In 1938 a Portland, Oregon pharmacist named Edwin Eugene Mayer took the first steps toward the creation of the 3D View Master; some of you may remember this device that looked similar to binoculars into which you inserted a disk; the disk incorporated 14 slides of images and whose output was 7 stereo images seen simultaneously.
At first its usage was primarily for children’s entertainment but during World War II it was used to aid the military in artillery spotting and identification.
Was this device perhaps a precursor of today’s VR world?
The terms Virtual Reality and Virtual Environment are now being used synonymously because it is an artificial environment that is created with software and presented to the user such that the user suspends belief in what is real and accepts what is digitally created as a real environment.
The simplest form of VR is any 3D mage that can be explored interactively at a personal computer/device by manipulating keys or the mouse so that the content of the image moves in some direction or zooms in or out.
More sophisticated devices include wrap-around display screens, actual rooms augmented with wearable computers, and devices that let you feel the display images – all creating an out-of-your-own-world experience.
Different users/technicians/experts differ on what exactly constitutes a true VR experience, but generally it should include:
* Three-dimensional images that appear to be life-sized from the user’s perspective.
* The ability to track a user’s motions, particularly head and eye movements, and correspondingly adjust the images on the user’s display to reflect the change in perspective.
Anyone who is a gamer knows full well how far this virtual world extends, but for the average user the technology is still somewhat far-fetched.
But be aware that even our daily lives are slowly being infused with VR application software. For example 2 Board, the official Athens Airport magazine, has since 2015 used Zappar coding on their printed pages.
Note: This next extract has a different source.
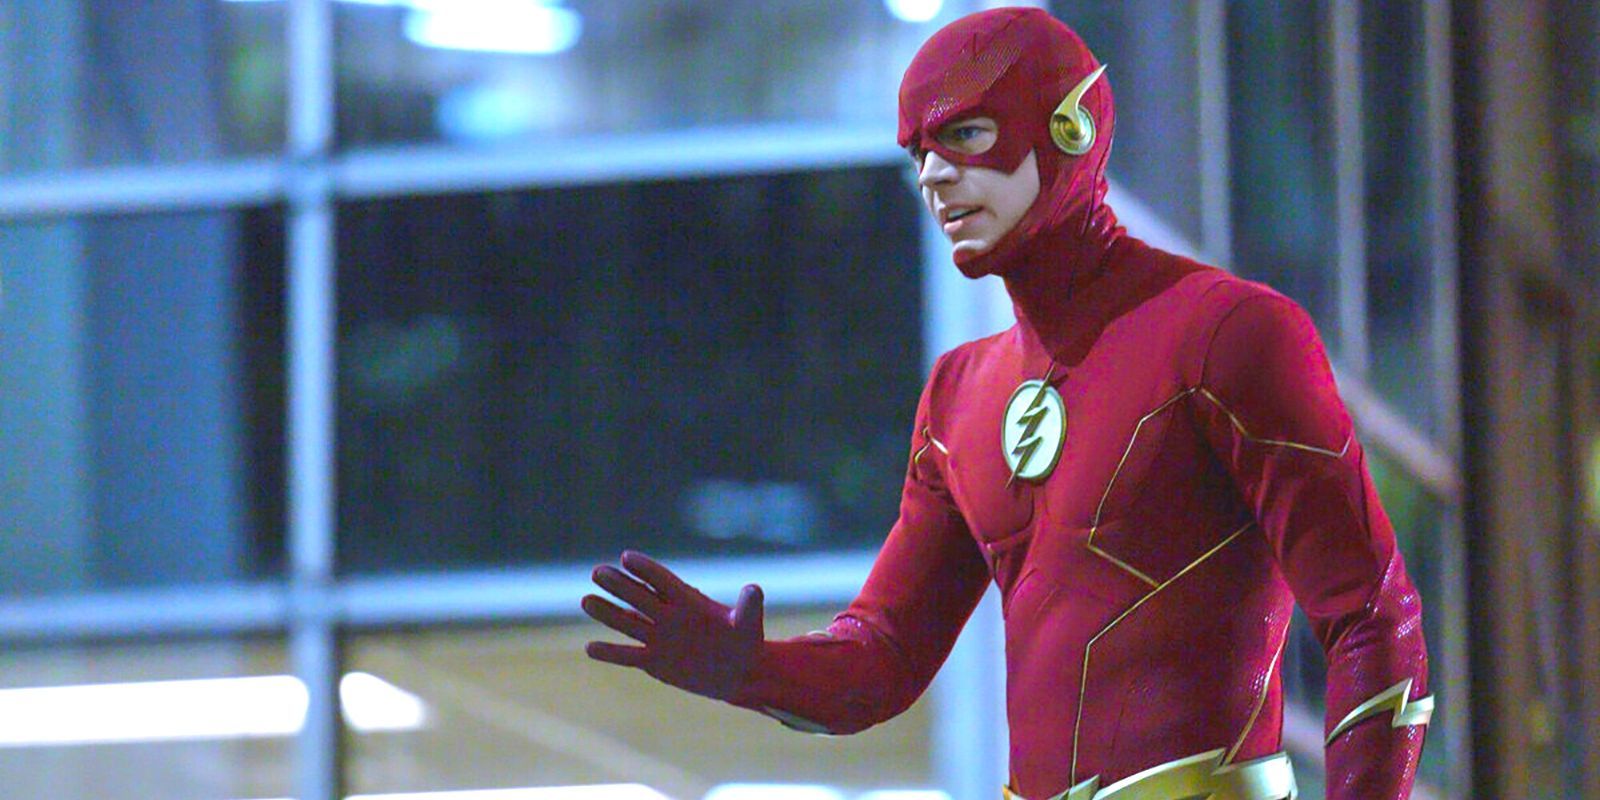 Grant Gustin Celebrates 'Flash Missing' Day With Throwback Photo
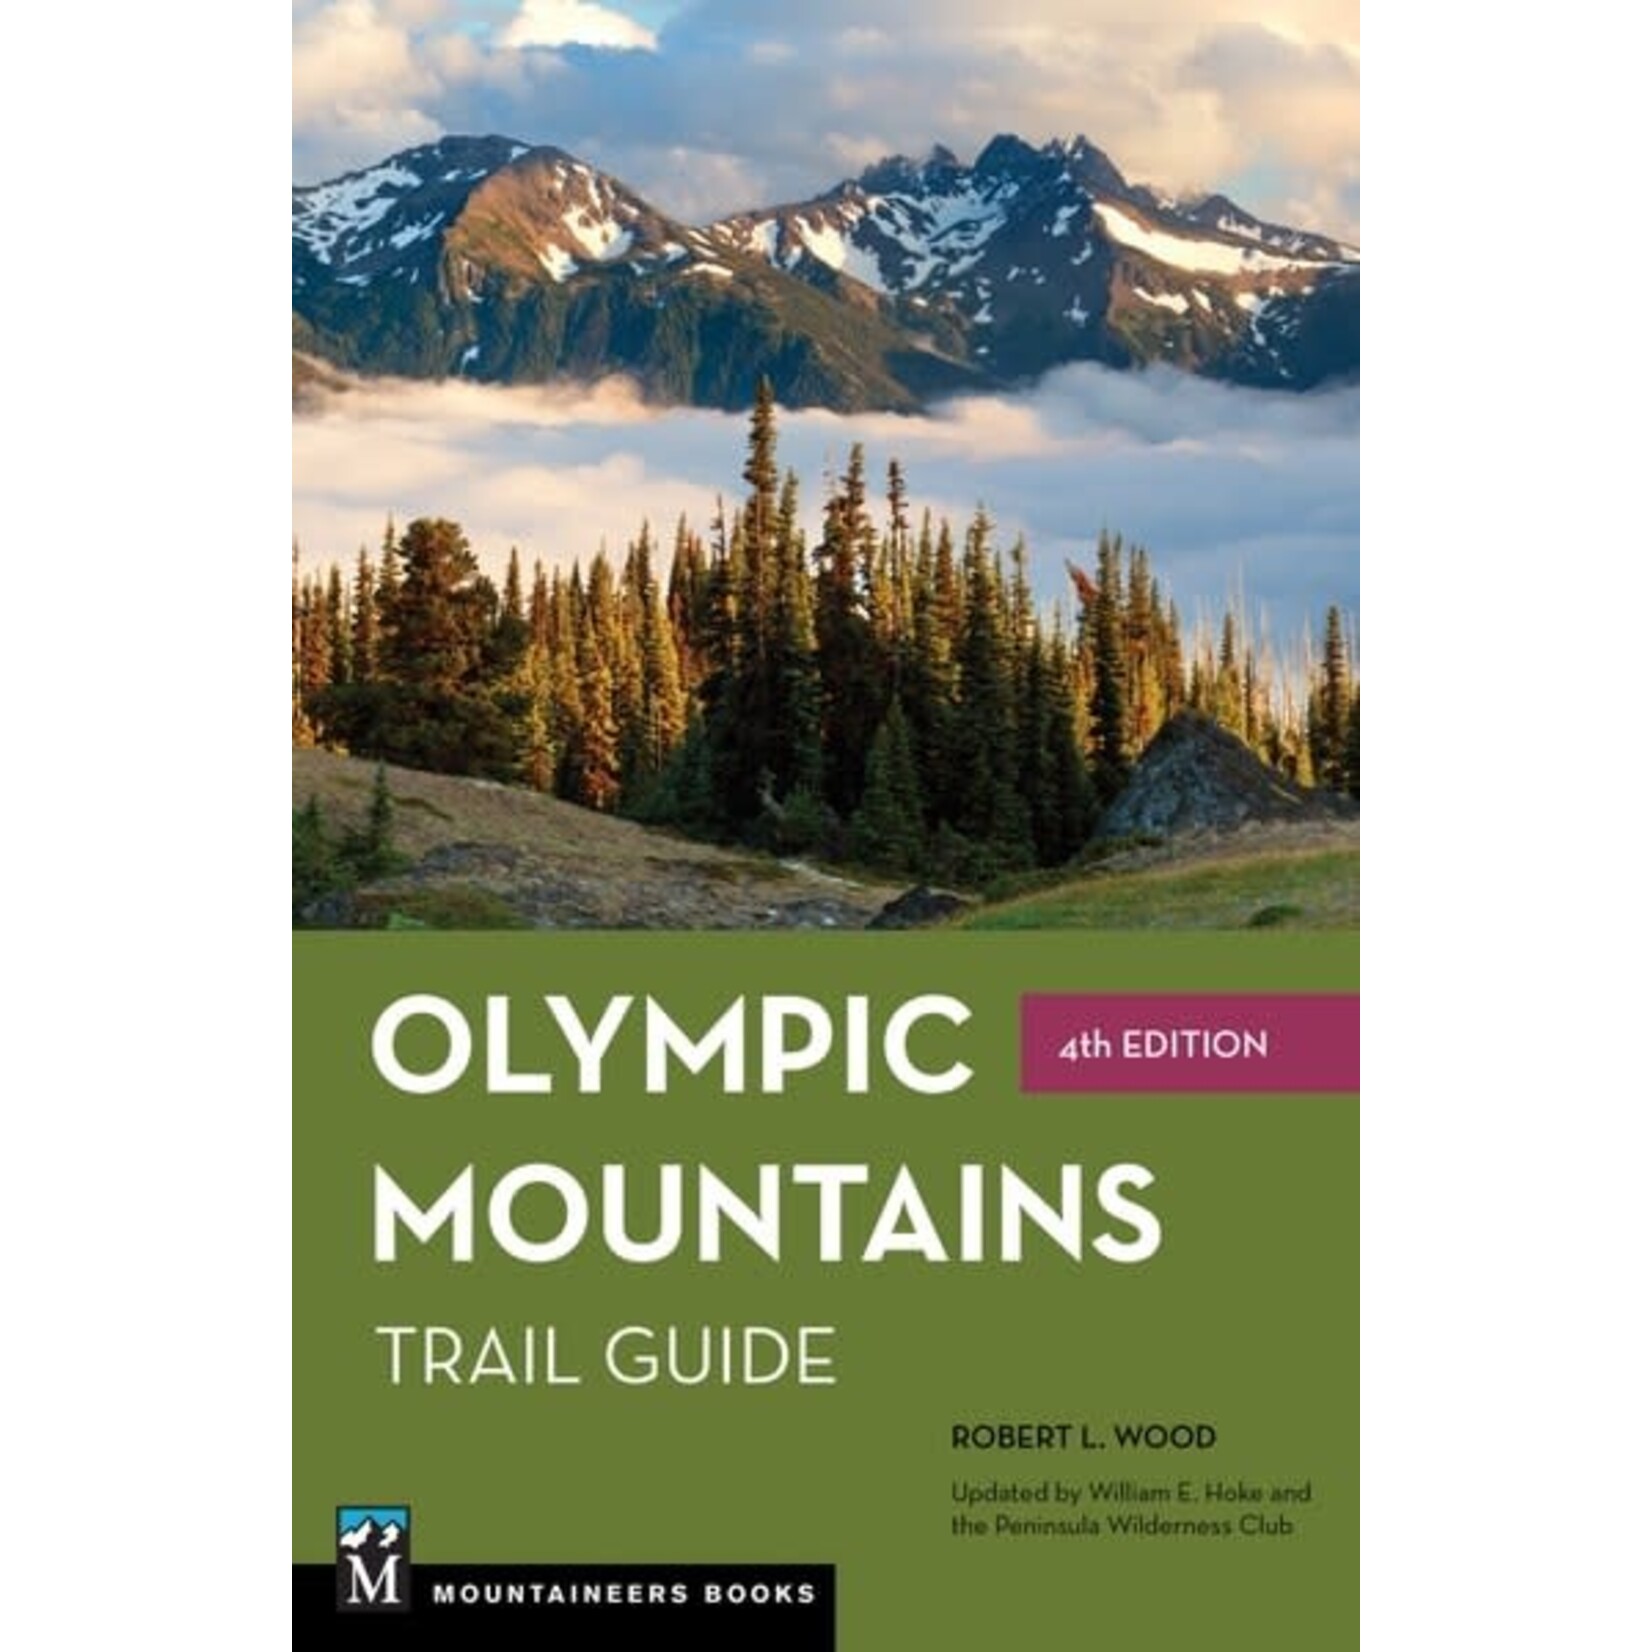 Mountaineers Books Olympic Mountains Trail Guide 4e

Unlike QR codes which are designed to be scanned and connect the user to the client’s website, the Zappar code scans the printed material and the user views an animated video… a quick and useful tool for educators, informational and publishing agencies. Visit www.zappar.com to find out how it works.
Our human environments are changing all around us, but for some, it may not be so pleasant so VR worlds are a great escape. Without a doubt, there is much more coming our way as inventors seek to conquer new worlds – virtually that is.